It's always nice when one's brain and one's heart reach a truce. Unfortunately, I am not always a party to their articulation of the truce - so I have no idea why it happened a few days ago. Except that maybe Mom laughing hysterically at my problems put them into a more handle-able perspective for me? It sounds like an unusual cure, for sure, but I'll take what I can get.
This post should be full of profundity.
But I am not really that interested in profundity at the moment. Instead, I am interested in finding out where my cappucino has gone to. Dove il cappucino? Desidero un cappucino, adesso. The decor of Blue Bar is really not that pleasing - I do not come for atmosphere. I come for caffeine. Full stop.
If my hands don't stop hurting soon, I am going to break down and cry. Actually, I kind of wish that I could just have my little inevitable stress-crying bout right now so that I could stop being on the verge of it for days at a time. Over the weirdest things, too. Alexis, Jeff, and Esther denied me access to one of their poetry workshopping sessions. . . well, so what?
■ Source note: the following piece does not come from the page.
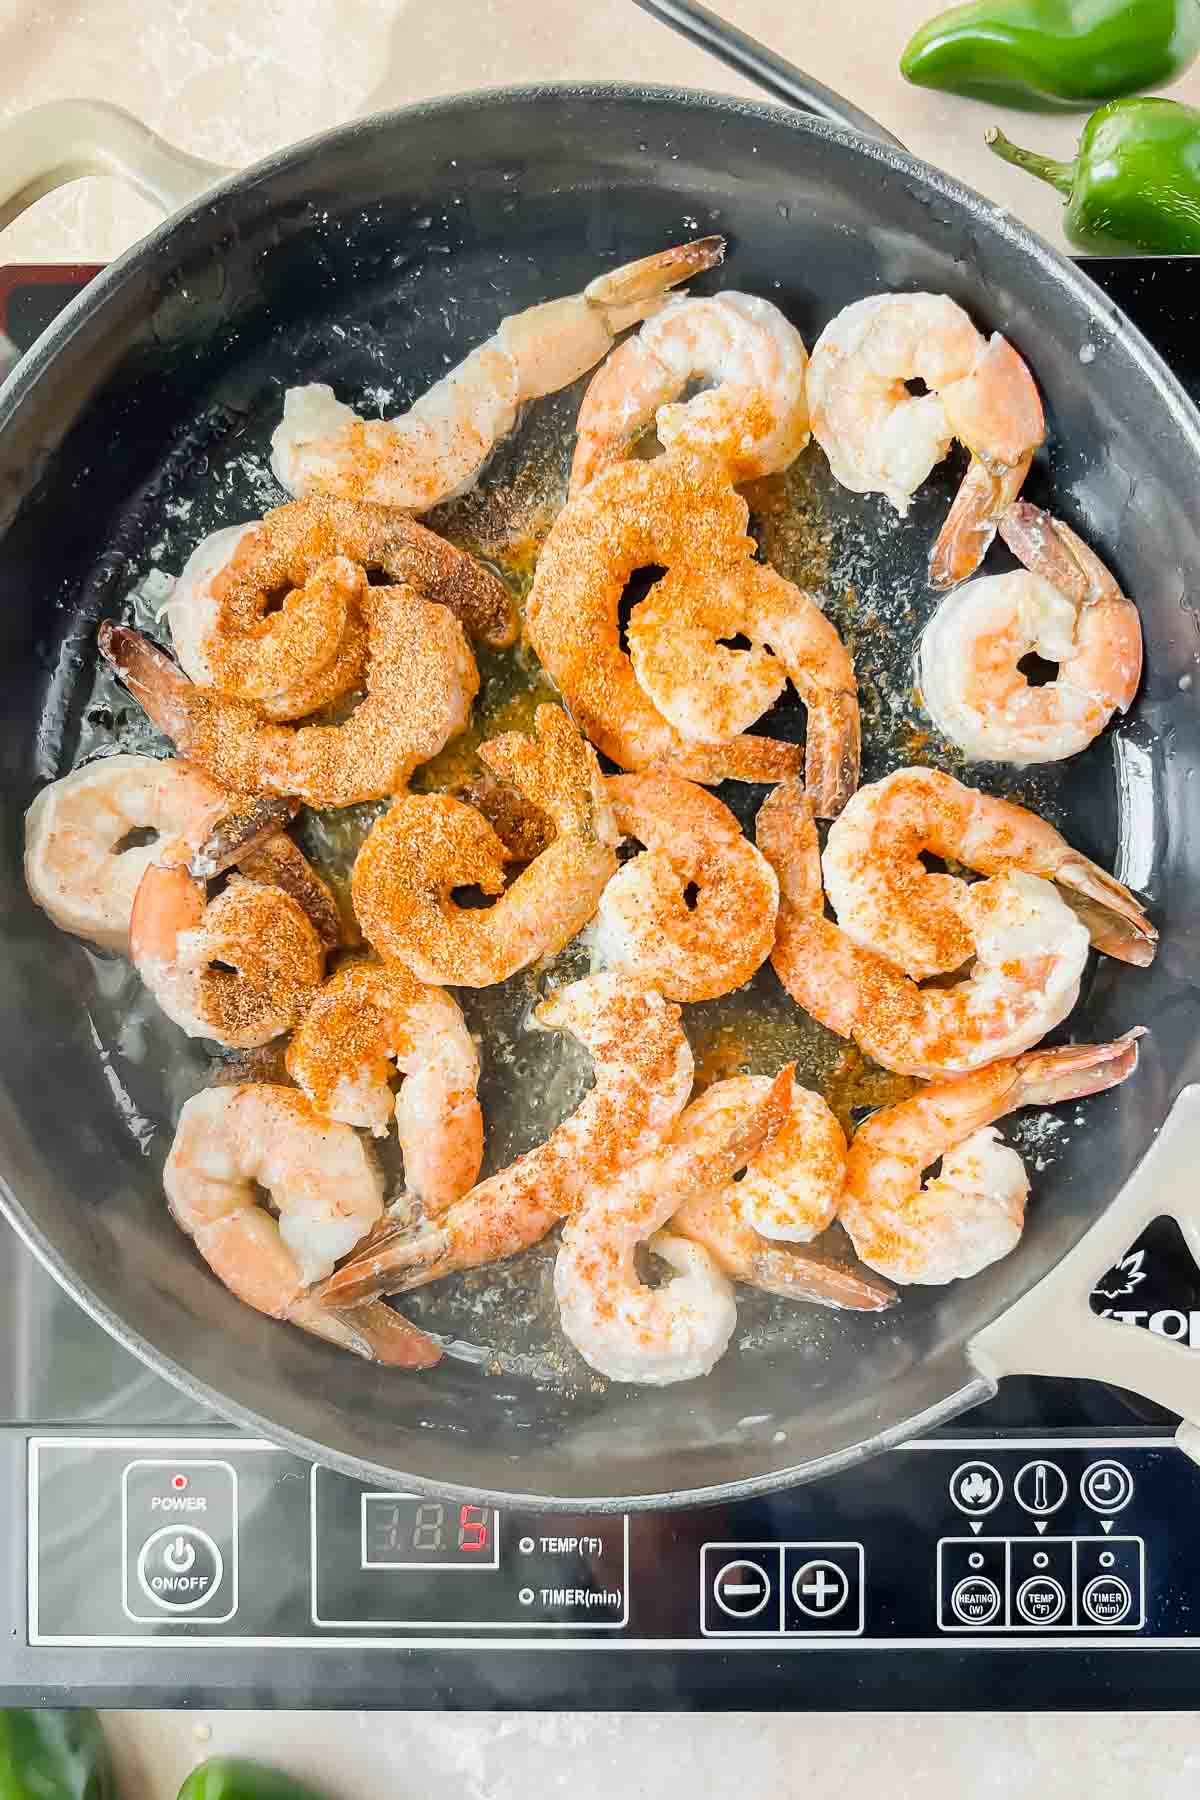 Shrimp with tails on cooking in skillet sprinkled with seasonings.
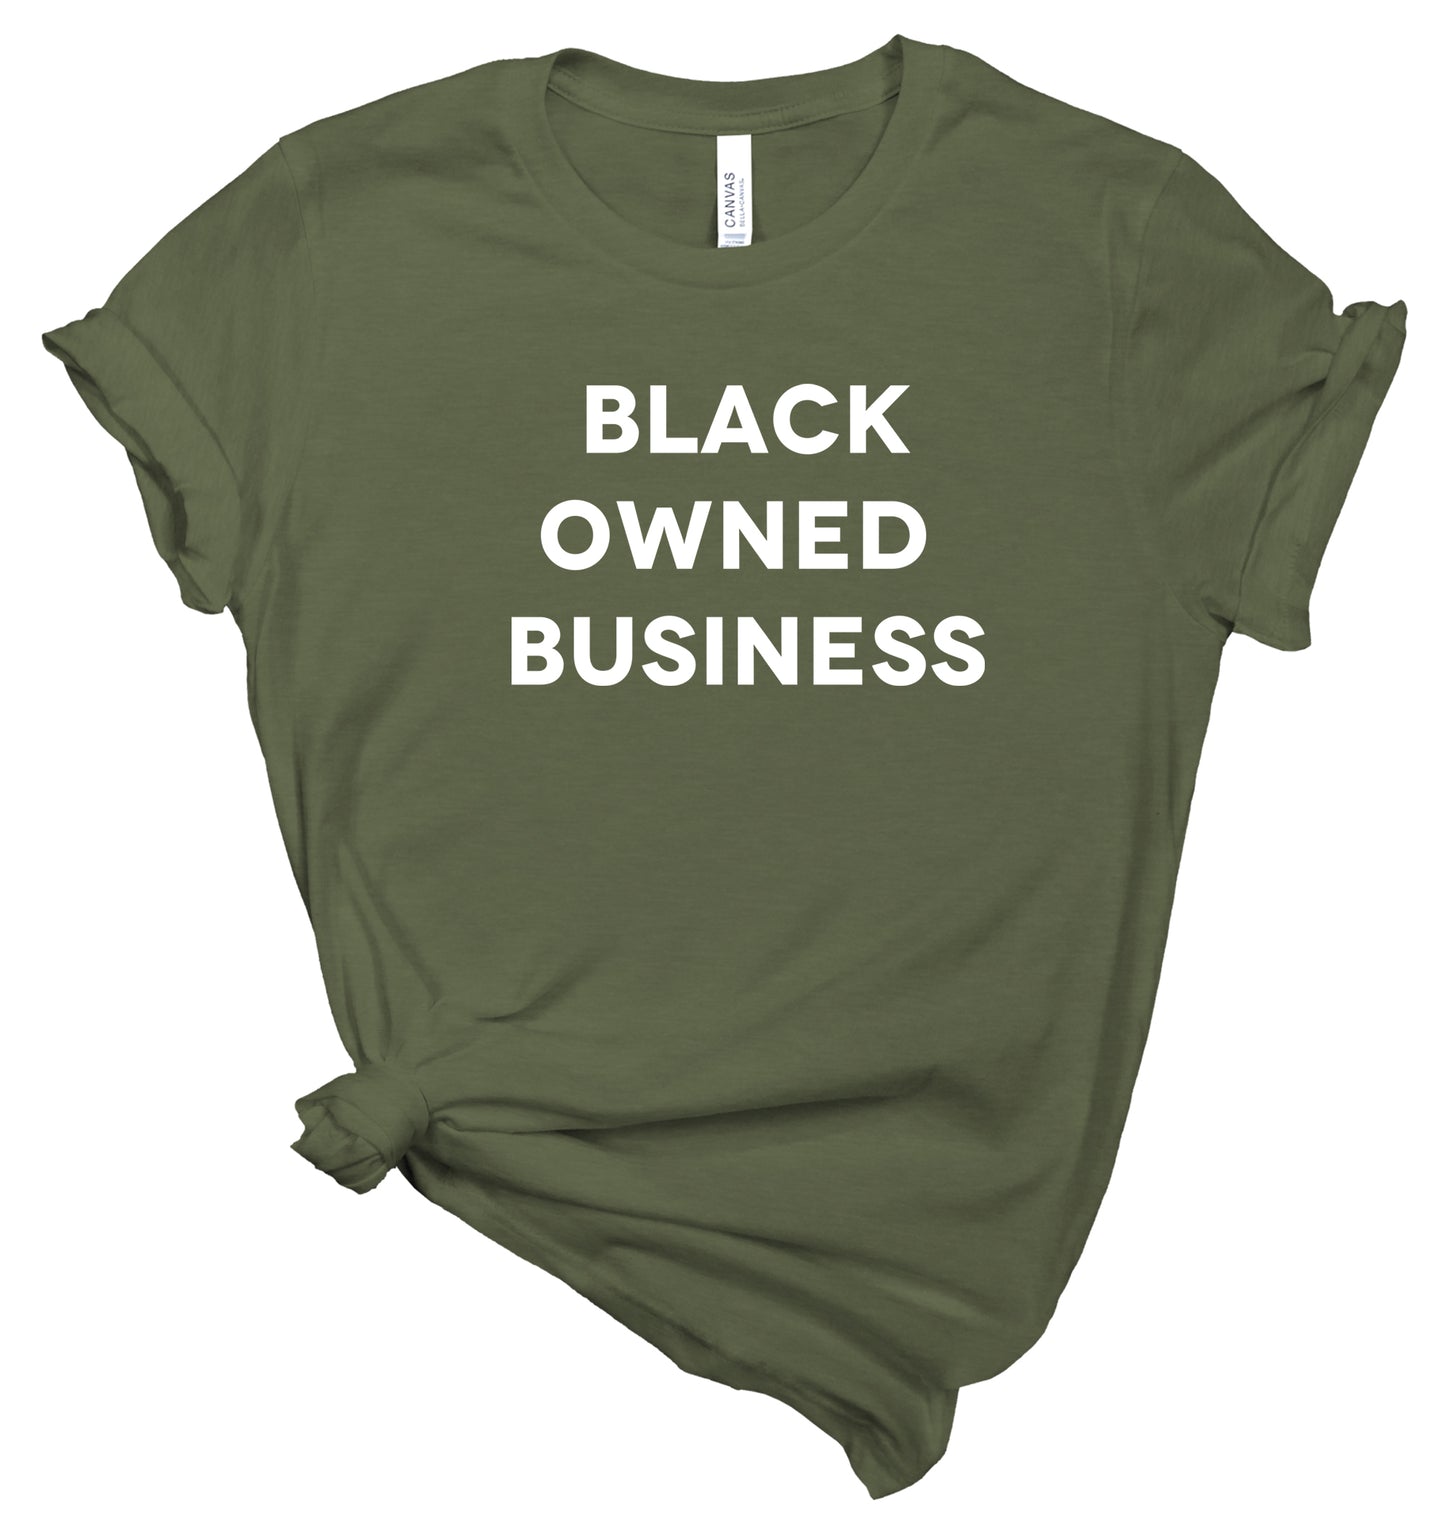 Black Owned Business T-Shirt - Support Black Owned Business Shirt

I'm not in the class, so it's a perfectly reasonable thing for them to do. I've just never been on the outside of a writing group in my life. It was a weird feeling, like the validity of my poetic identity had been denied. I didn't like it much. It must be depressing to be just an art major.
Will I still drink this much coca cola when I'm in the United States?
I think I need to go in search of my cappucino. Like, deep sea diving, only for caffeinated goodness.